What to do: From the line that has "VW Karmann Ghia" down to the last line of the data below, set down every line exactly, but none of the pictures.

Available data:
============================================================
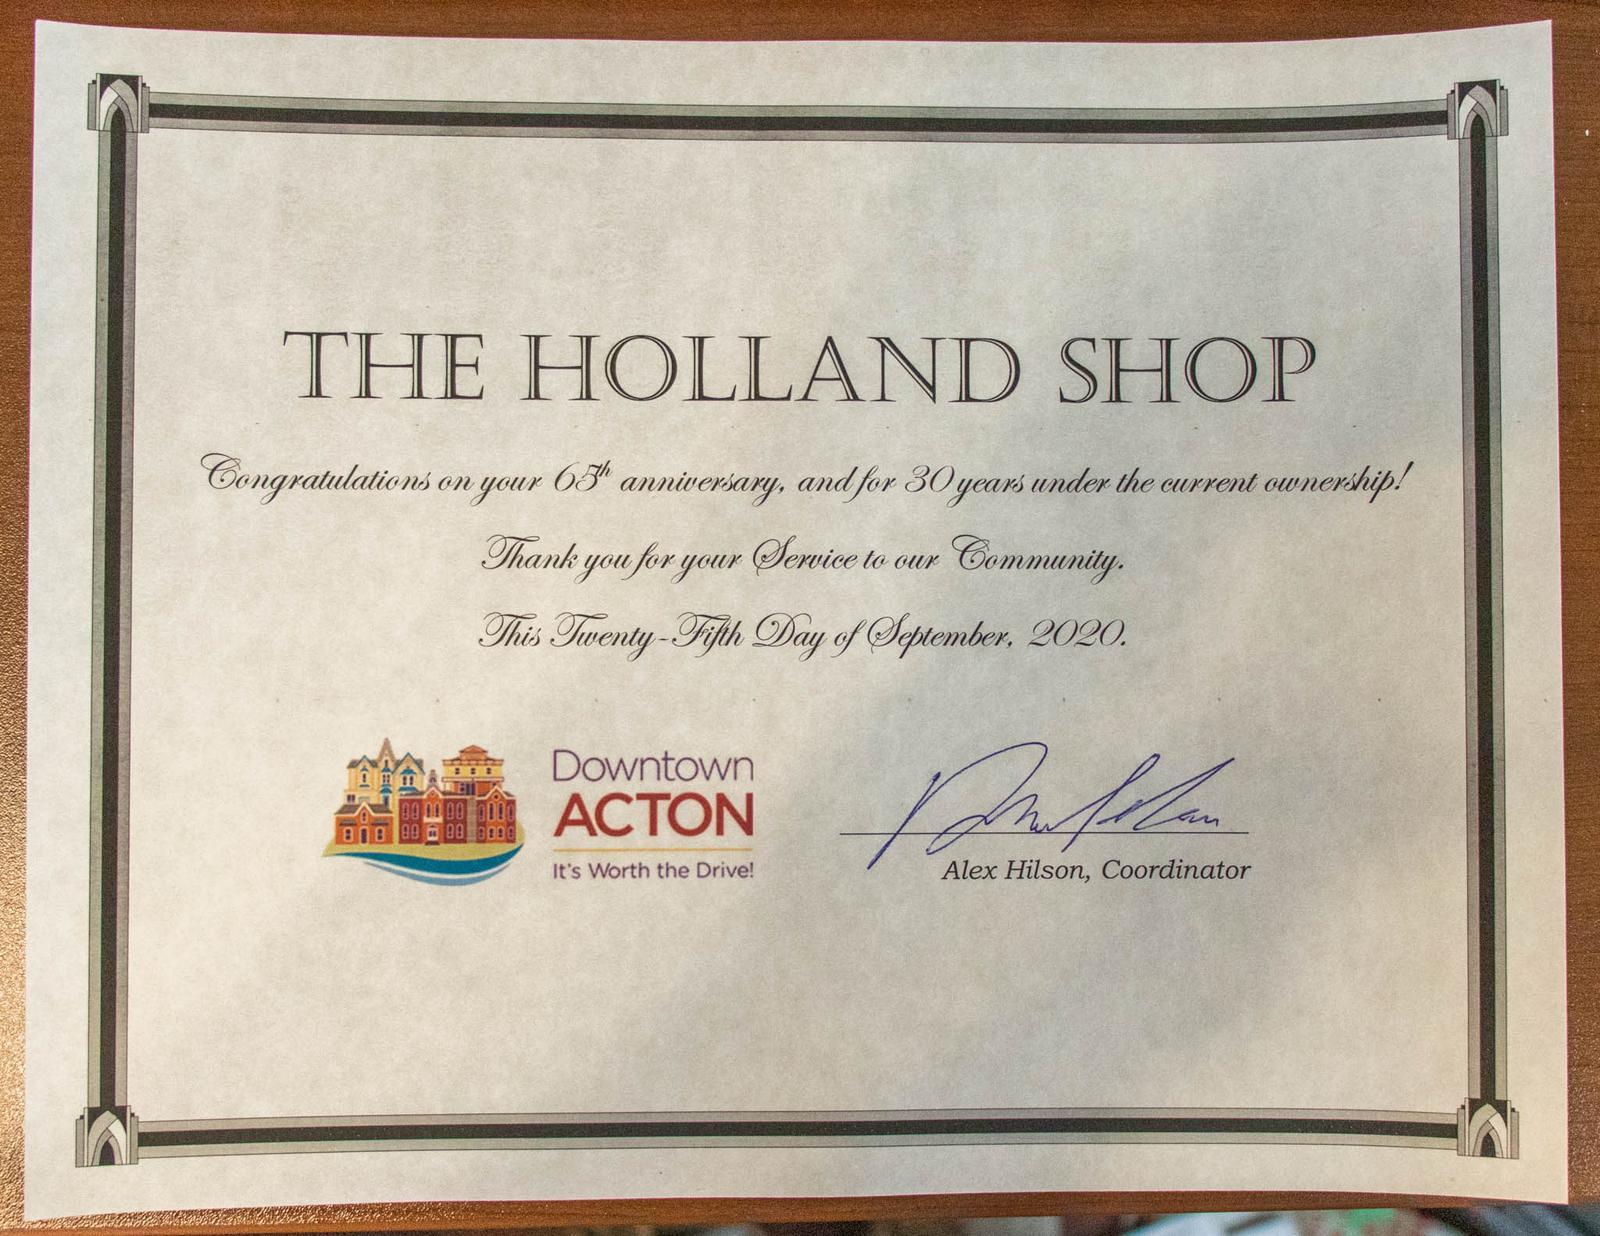 Holland Shop celebrates 65 years
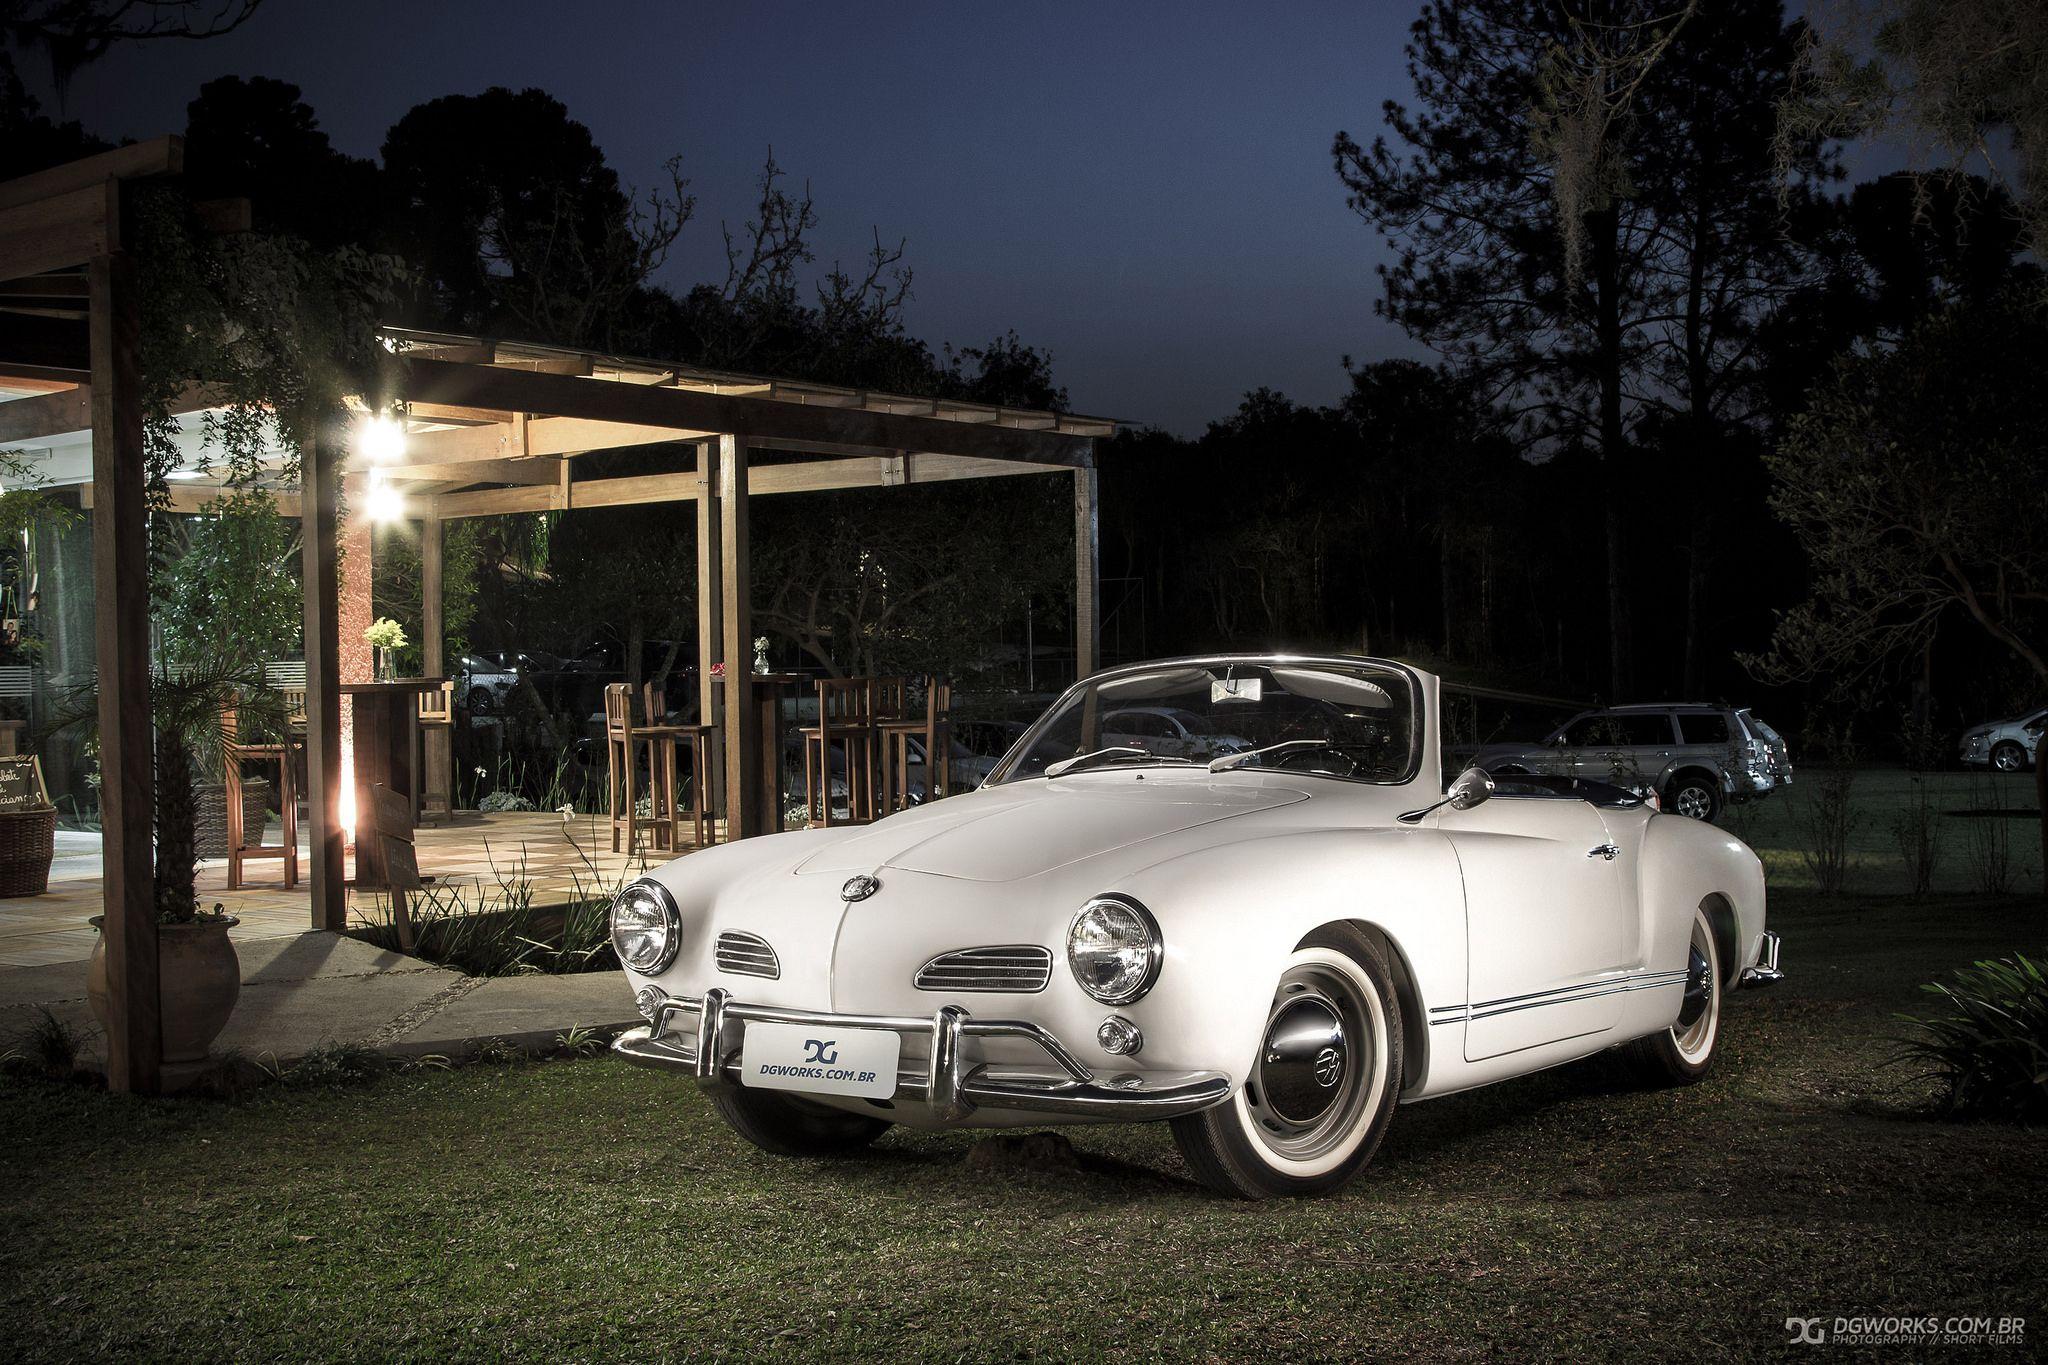 VW Karmann Ghia Cabriolet. Photo by Pedro Ruta Jr.  #dgworks #karmann #vw
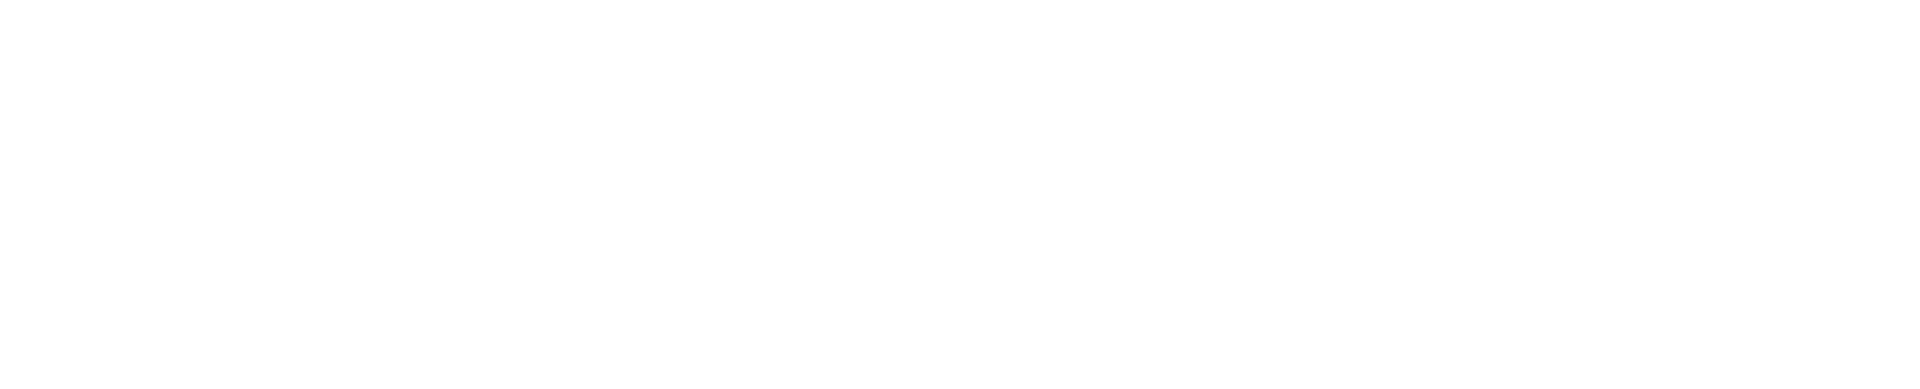 oneflare icon
============================================================
Output for this task:
 VW Karmann Ghia Cabriolet. Photo by Pedro Ruta Jr.  #dgworks #karmann #vw
 oneflare icon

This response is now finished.